The anti‑hepatitis B virus activity of sea buckthorn is attributed to quercetin, kaempferol and isorhamnetin

Affiliations

The anti‑hepatitis B virus activity of sea buckthorn is attributed to quercetin, kaempferol and isorhamnetin

Mohammad K Parvez et al. Biomed Rep. .

Abstract

The present study assessed the in vitro anti-hepatitis B virus (HBV) effects of cold-adapted sea buckthorn (Hippophae rhamnoides). Sea buckthorn leaf ethanol extracts subjected to chloroform (SB-Chl), ethyl acetate (SB-Eac), n-butanol (SB-But) and aqueous (SB-Aqu) fractionation were first examined (MTT assay) for their toxic effects on HepG2 cells. While SB-Chl (IC50, 32.58 µg/ml) exhibited high cytotoxicity, SB-Eac, SB-But SB-Aqu were non-toxic at up to 150 µg/ml.
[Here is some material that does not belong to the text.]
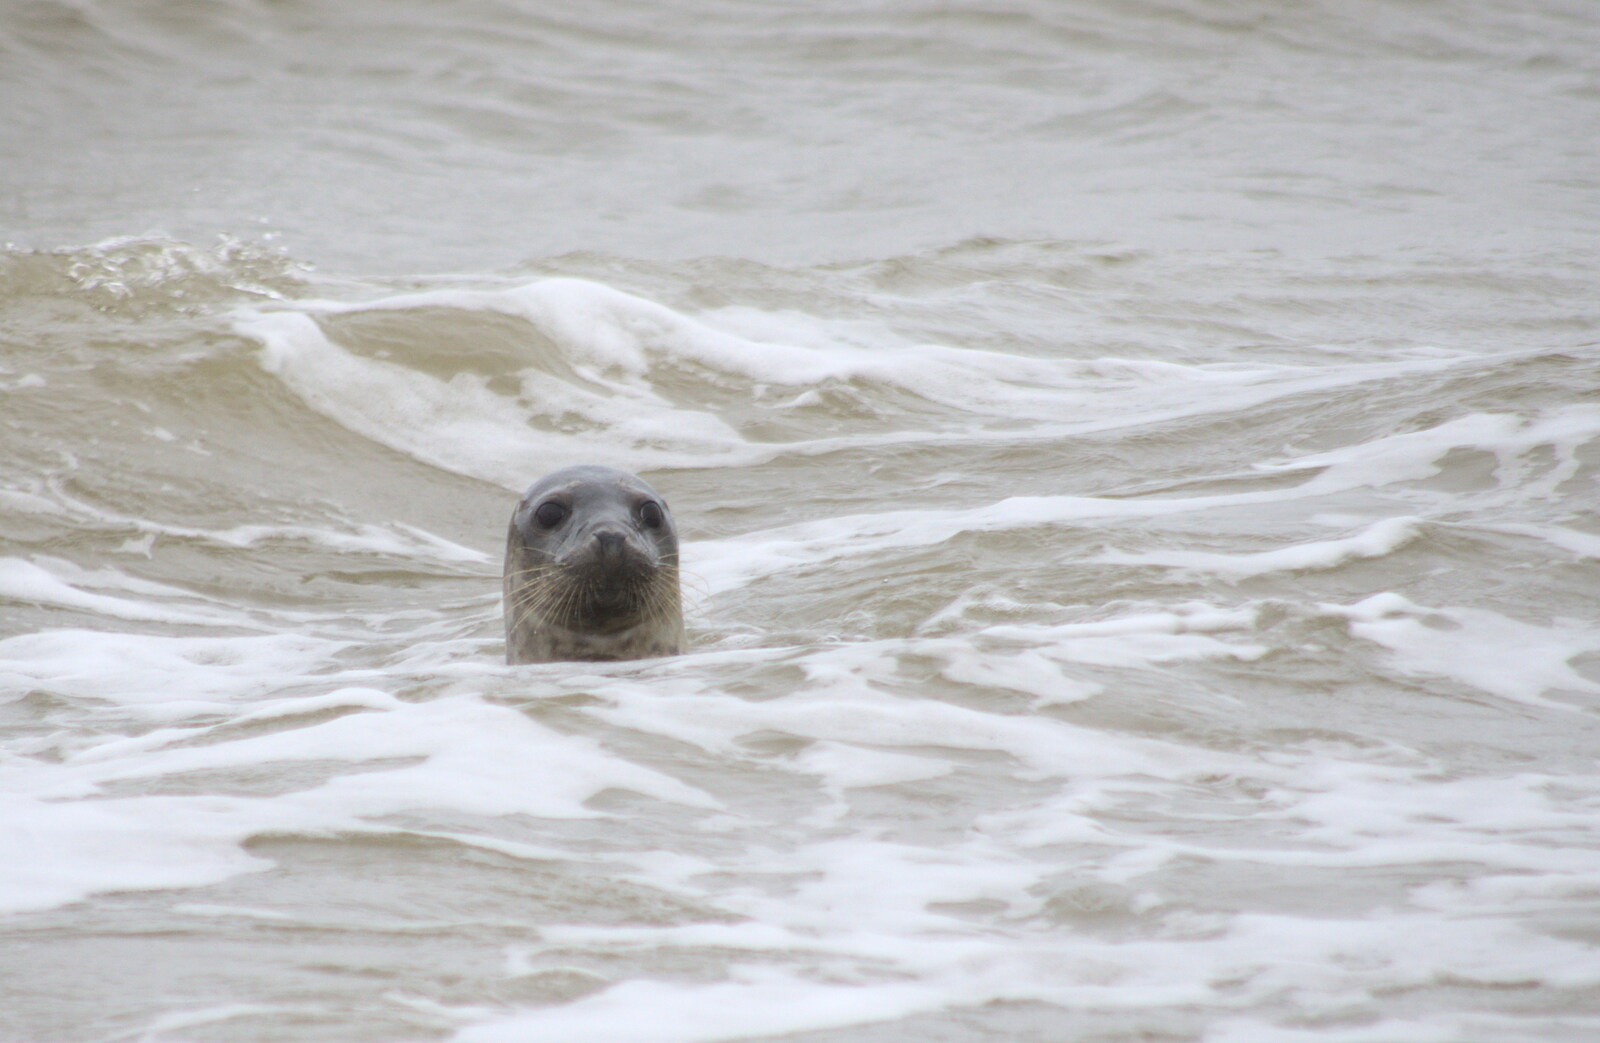 A curious seal pops its head out of the water from A Wet Weekend of Camping, Waxham Sands, Norfolk - 13th June 2015
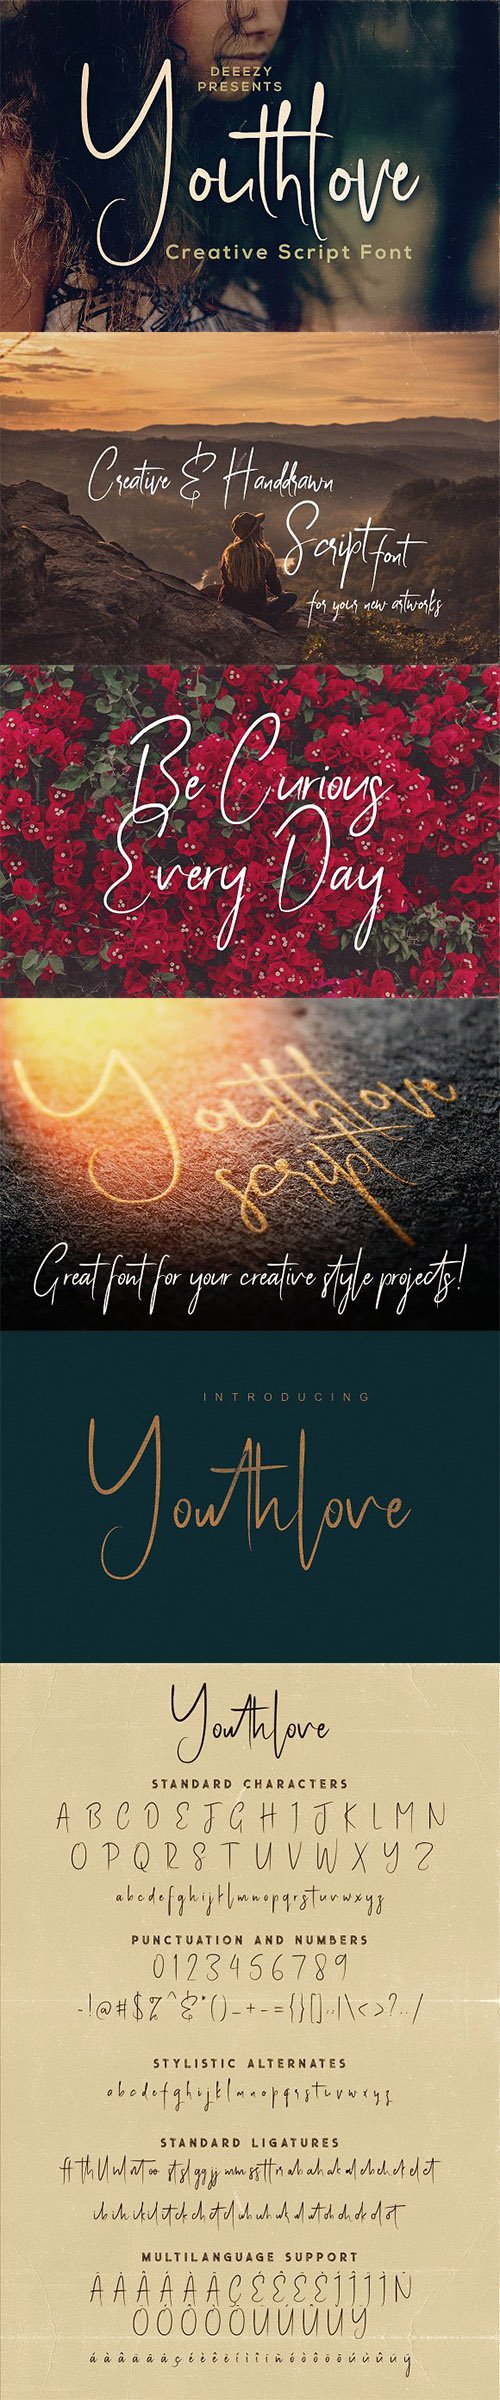 Youthlove Script Font 2873777

High performance liquid chromatography analysis led to the identification of the anti-HBV active flavonols, quercetin (93.09 µg/g), kaempferol (44.19 µg/g) and isorhamnetin (138.75 µg/g) in the extract. The analysis of the anti-HBV effects of SB-Eac, SB-But and SB-Aqu (50 µg/ml, each) on HepG2.2.15 cells revealed the marked inhibition of HBsAg and HBeAg expression levels. At the concentration of 10 µg/ml, quercetin and kaempferol exerted potent inhibitory effects on HBsAg (60.5 and 62.3%, respectively) and HBeAg synthesis (64.4 and 60.2%, respectively), as compared to isorhamnetin (30.5 and 28.4%, respectively). The HBV-polymerase inhibitor drug, lamivudine (2 µM), inhibited HBsAg and HBeAg expression by 87.4 and 83.5%, respectively. The data were in good agreement with a previous in vitro and in silico molecular docking analysis performed by the authors where quercetin, kaempferol and lamivudine had formed stable complexes with HBV-polymerase binding-pocket amino acids. On the whole, to the best of our knowledge, the present study provides the first report of the anti-HBV therapeutic potential of sea buckthorn, attributed to quercetin, kaempferol and isorhamnetin.

Keywords: anti-hepatitis B virus; hepatitis B virus; isorhamnetin; kaempferol; quercetin; sea buckthorn.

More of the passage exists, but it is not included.